Exercise data:

============

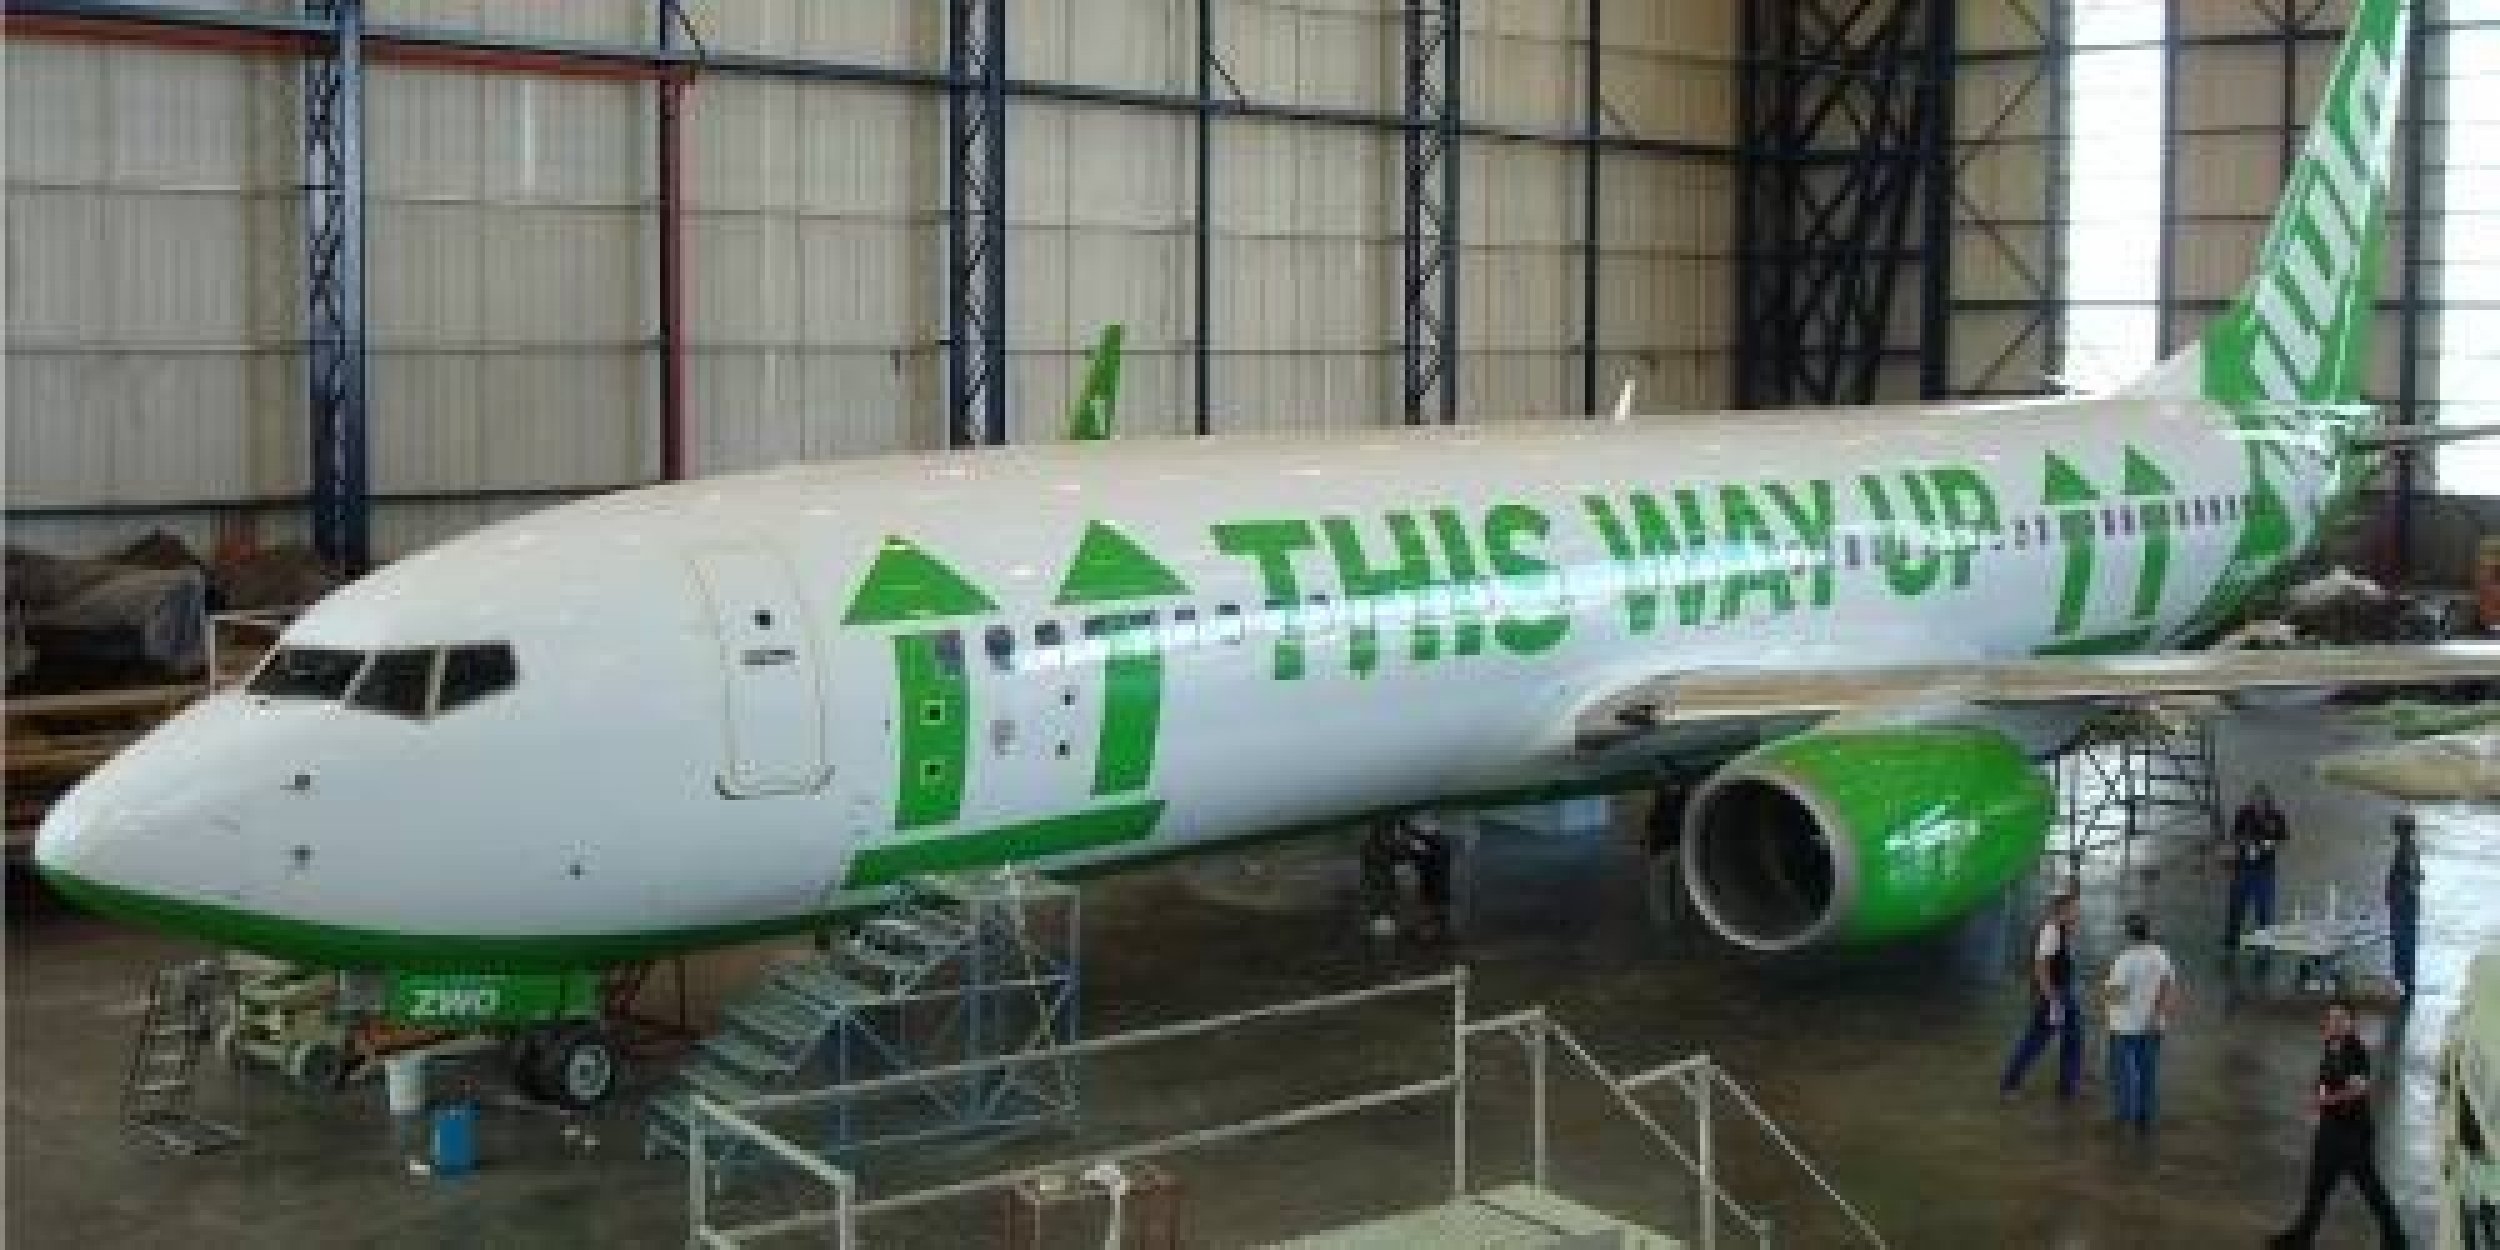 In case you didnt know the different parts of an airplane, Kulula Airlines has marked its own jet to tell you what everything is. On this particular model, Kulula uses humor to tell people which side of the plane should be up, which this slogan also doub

============

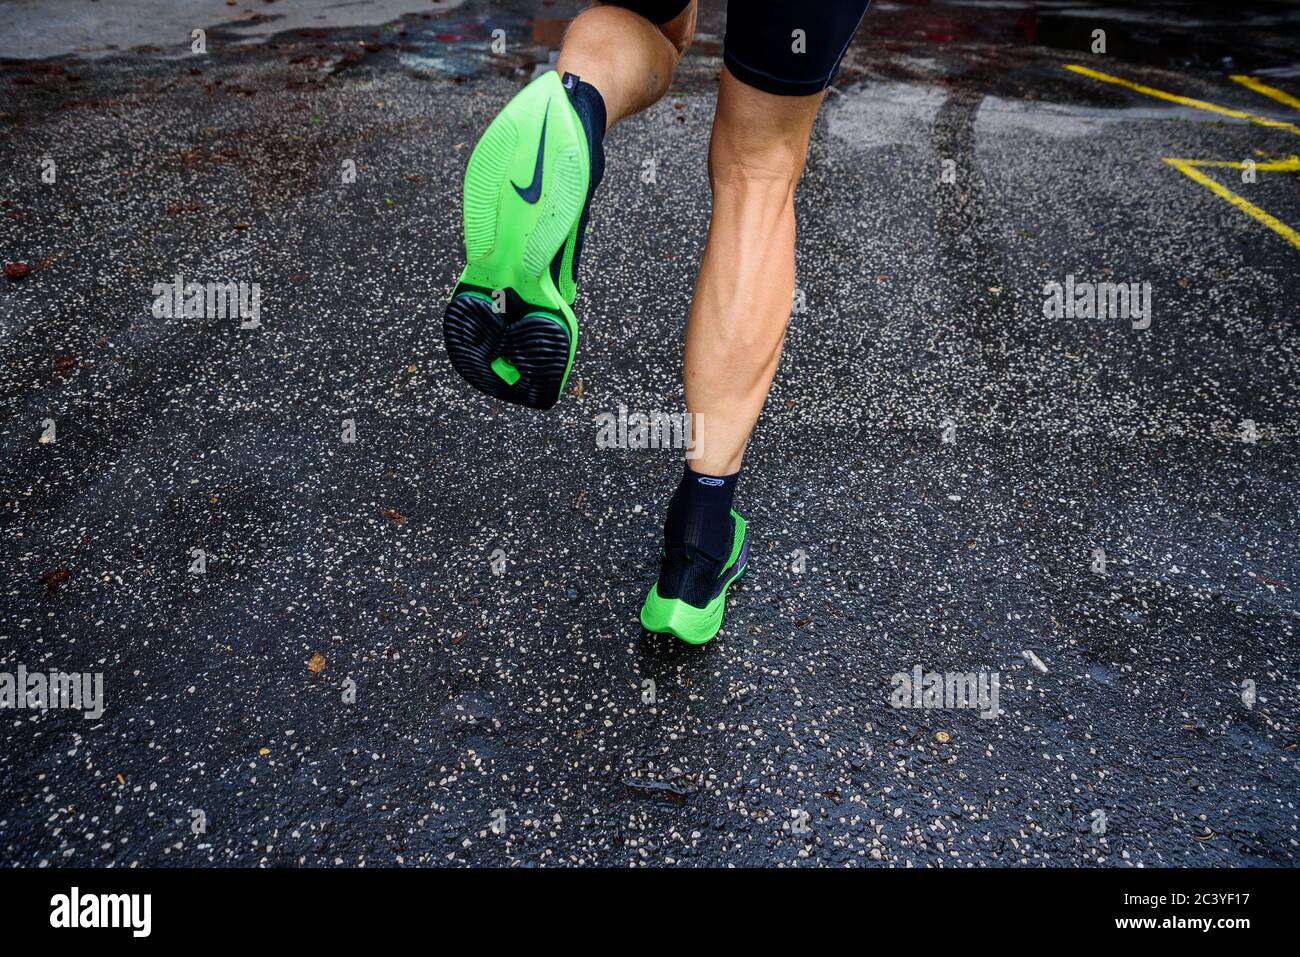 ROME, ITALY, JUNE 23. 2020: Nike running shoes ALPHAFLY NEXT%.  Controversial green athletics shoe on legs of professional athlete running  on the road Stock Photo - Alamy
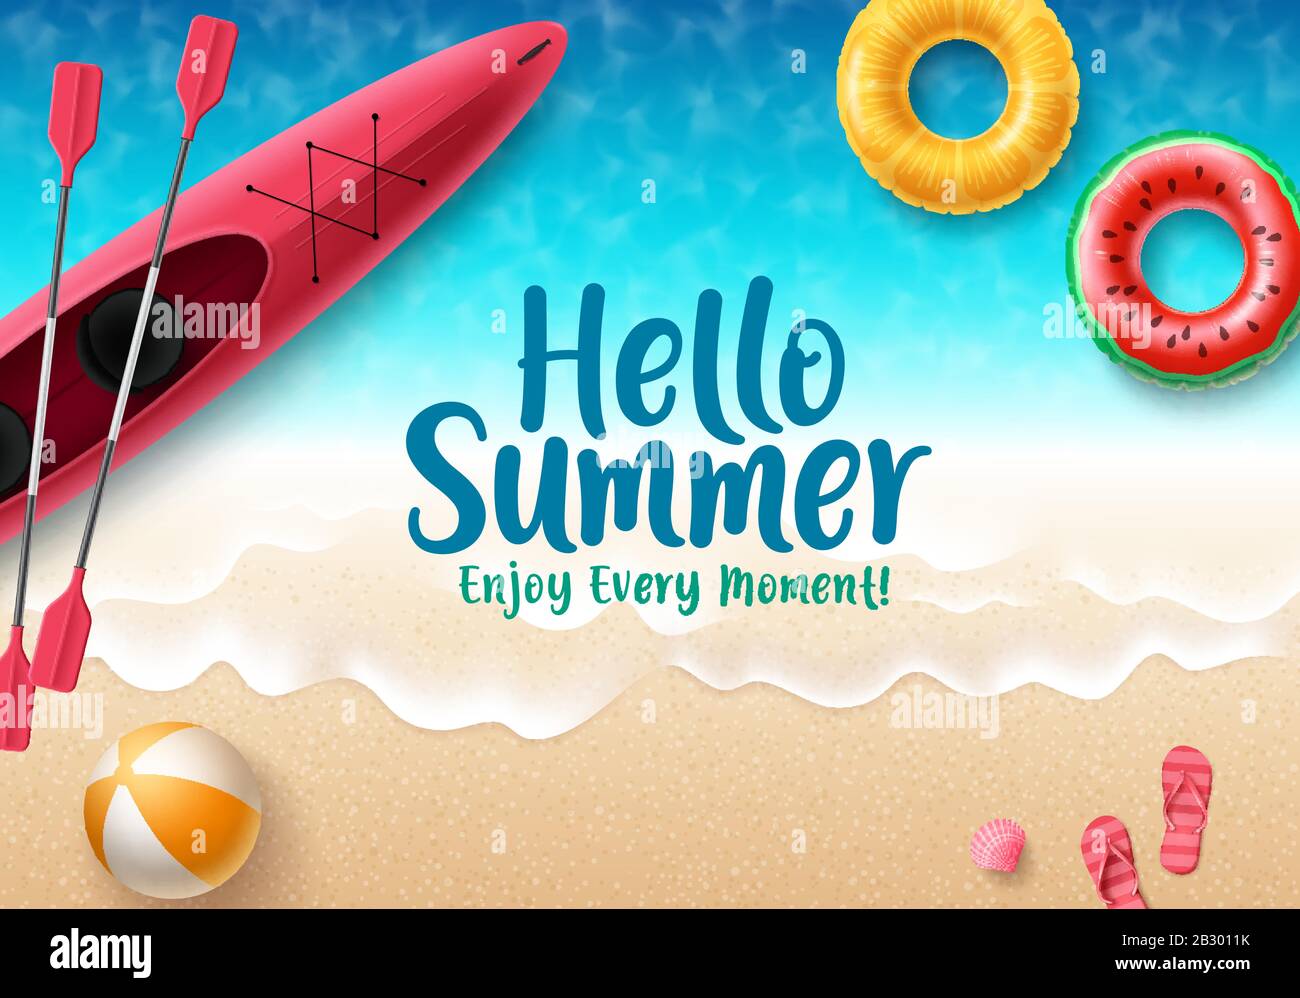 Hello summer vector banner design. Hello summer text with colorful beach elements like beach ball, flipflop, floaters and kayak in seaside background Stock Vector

============

Exercise description: The stretch to restate runs from the line above containing "ROME, ITALY, JUNE" through the line containing "Hello summer vector". Copy it word for word, ends included, without pictures.

Response to the task:
 ROME, ITALY, JUNE 23. 2020: Nike running shoes ALPHAFLY NEXT%.  Controversial green athletics shoe on legs of professional athlete running  on the road Stock Photo - Alamy
 Hello summer vector banner design. Hello summer text with colorful beach elements like beach ball, flipflop, floaters and kayak in seaside background Stock Vector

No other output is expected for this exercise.